Wes Murphy grew up with his father, who was a two-bit con artist. He got cornered during one con that resulted in arrest. Since Wes was a juvenile, he got sent to a halfway house where a wonderful woman took him under her wing and introduced him to the joys of cooking. Wes is enrolled at a Culinary Institute and is attempting to finish so he can get a job in a great restaurant and start his career. His new professor of Food Chemistry is none other than lofty scientist Rosemary Wilkins, a child prodigy made famous by her mother in a book that told Rosemary’s story. Rosemary is extremely intelligent, can spout scientific facts like an encyclopedia and is beautiful to look at. What she is not is street smart or relationship savvy.

At first, Wes decides to use his attraction as a way to get a good grade, but very quickly realizes that his attraction is more than that. He approaches Rosemary with the idea for a final paper that involves researching aphrodisiacs and their real effects. Rosemary is snookered in and they eventually make love. When the Director of the institute, who never has liked Wes, discovers their relationship, he threatens to destroy Rosemary’s career if Wes doesn’t leave.

So without further ado, Wes joins the Market Restaurant crew on an “externship” assignment. He is distraught that he had to break both his own and Rosemary’s heart, but is thrilled to be able to work alongside Chef Adam Temple and his sous chef Frankie Boyd. Ultimately, Rosemary tracks him down and they try to figure out a way to have a relationship. But Wes’ past comes back to haunt him when his father finds him and smells a con with Rosemary and her money.

Rosemary is the predictable nerd one would expect – a woman who is successful in her field but totally without self-esteem in her relationships. In fact, it appears she has no friends nor has she ever had a male friend. Wes is a bit of a modern day rake, convinced that no one could ever love him due to his past and the fact that he is just one shady deal away from being just like his father. I found their interplay fun and engaging, but there wasn’t much of it. The sex was hot but they were apart as much as they were together. And when they were apart, they tormented their own psyches with all their negative thinking. This made it difficult to stay engaged in their romance.

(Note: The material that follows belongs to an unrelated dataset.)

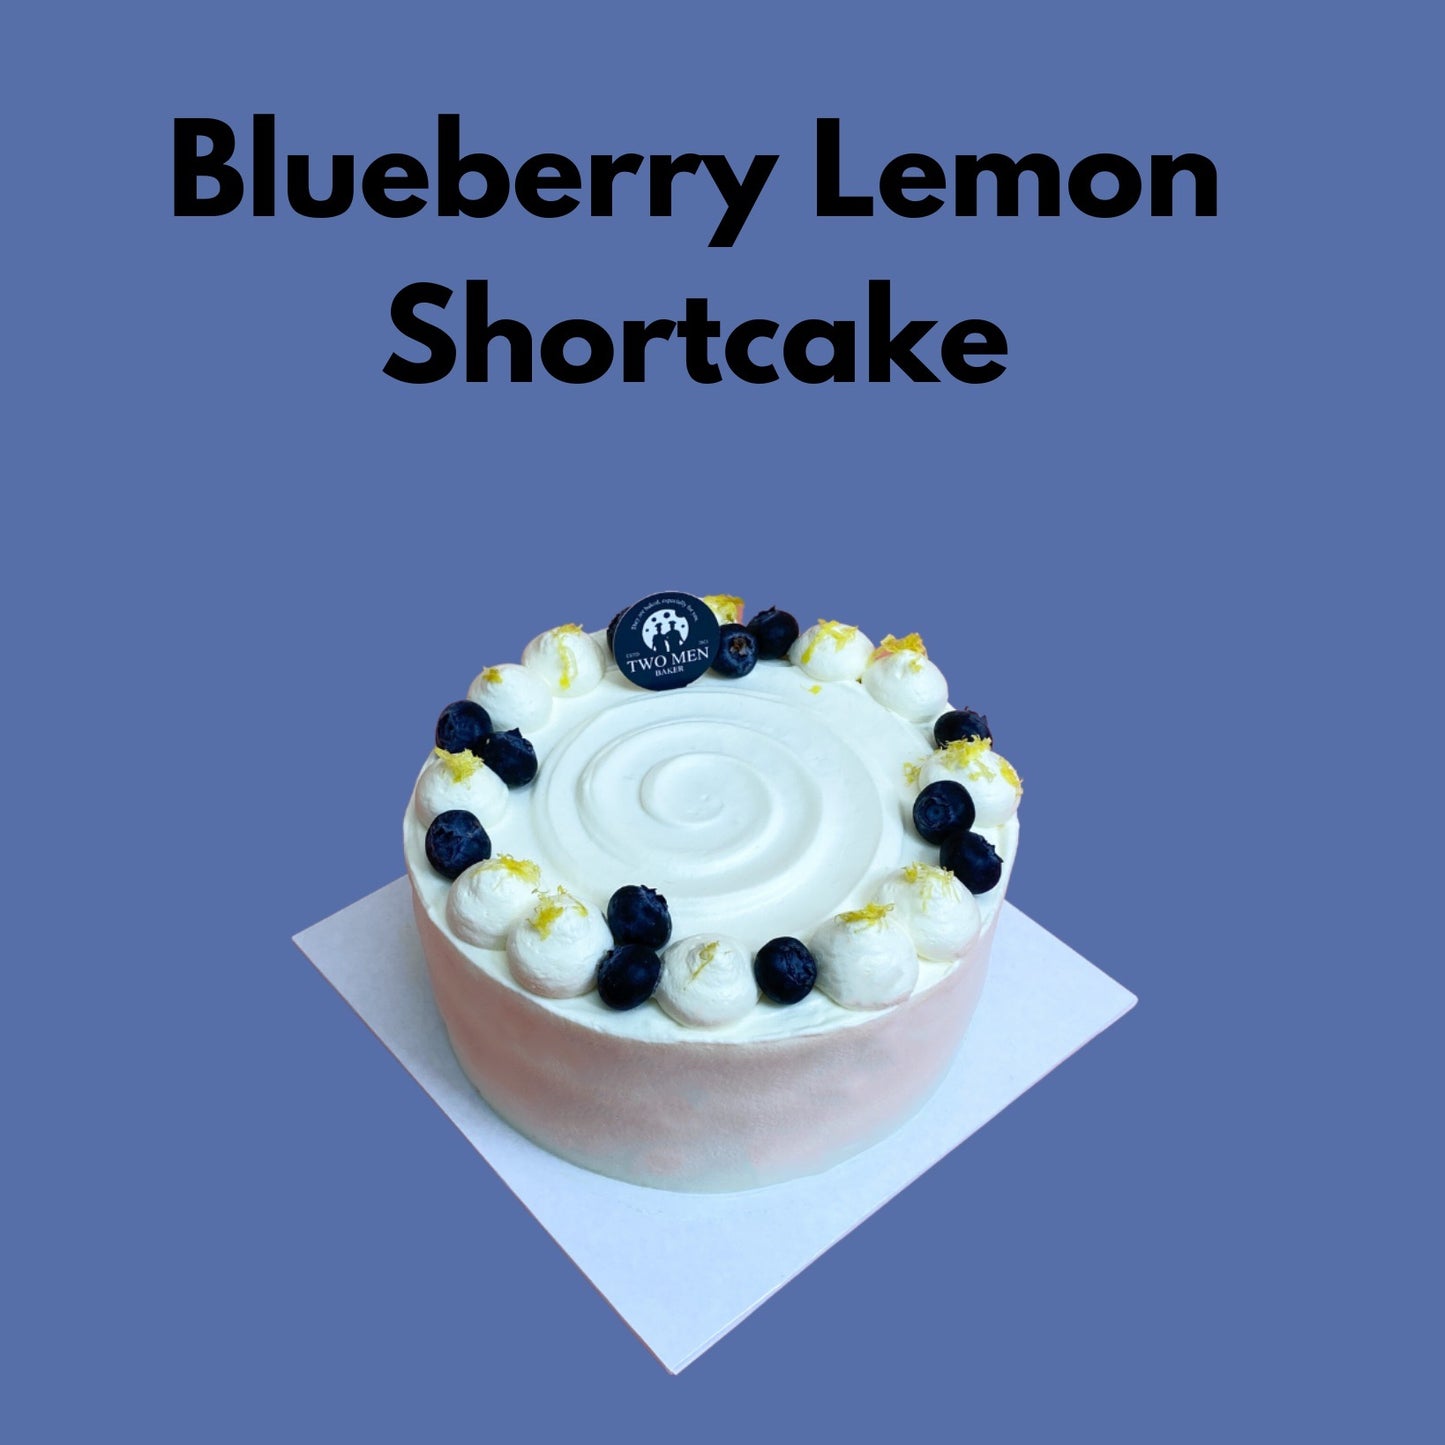 Blueberry Lemon Shortcake | Same-Day Delivery Cake
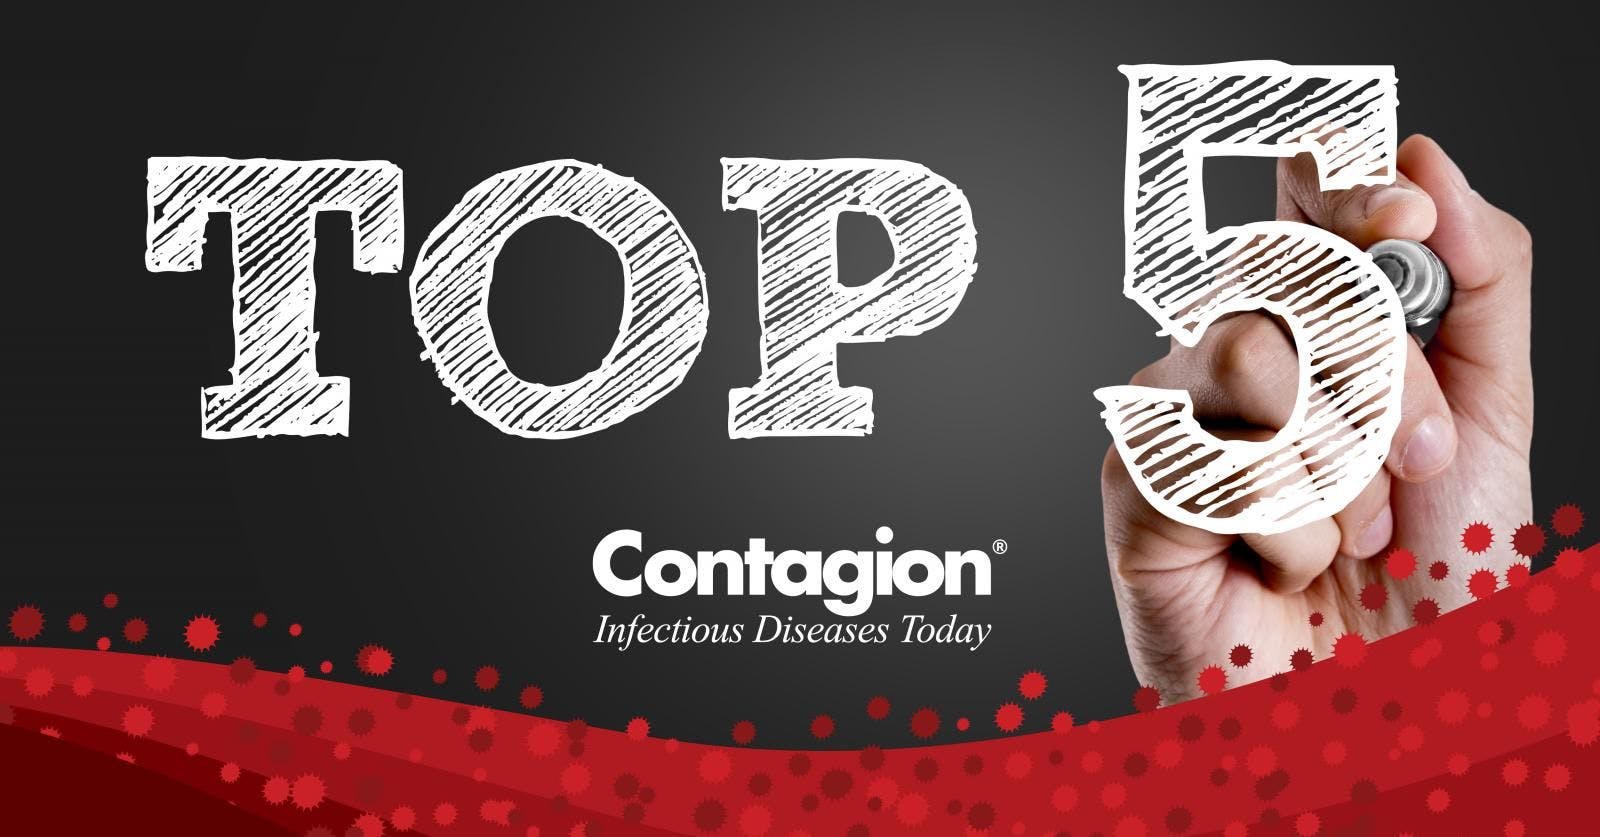 Top Infectious Disease News of the Week&mdash;June 2, 2019

The two that almost stole the show was the romance between Frankie and his gay lover, Jess, who happened to be a waiter at the Market. Jess and Wes become good friends and Wes plays an integral part in getting these two back together. It is clear there is history dating back to the other stories in the series, but it is easy to see how these two got where they are. The resolution of their love story was energetic and fun to watch develop.

I wanted to enjoy Just One Taste but I found myself plowing through parts and forcing myself to pick up the book at times. It was easy to be frustrated with two people who had gotten beyond their childhoods in every way except in their heads. And their journey tofigure it out did not have the right flavor to keep me turning the pages with anticipation. Fans of the series may find it different, but for me, I could have used some different spices in this tale.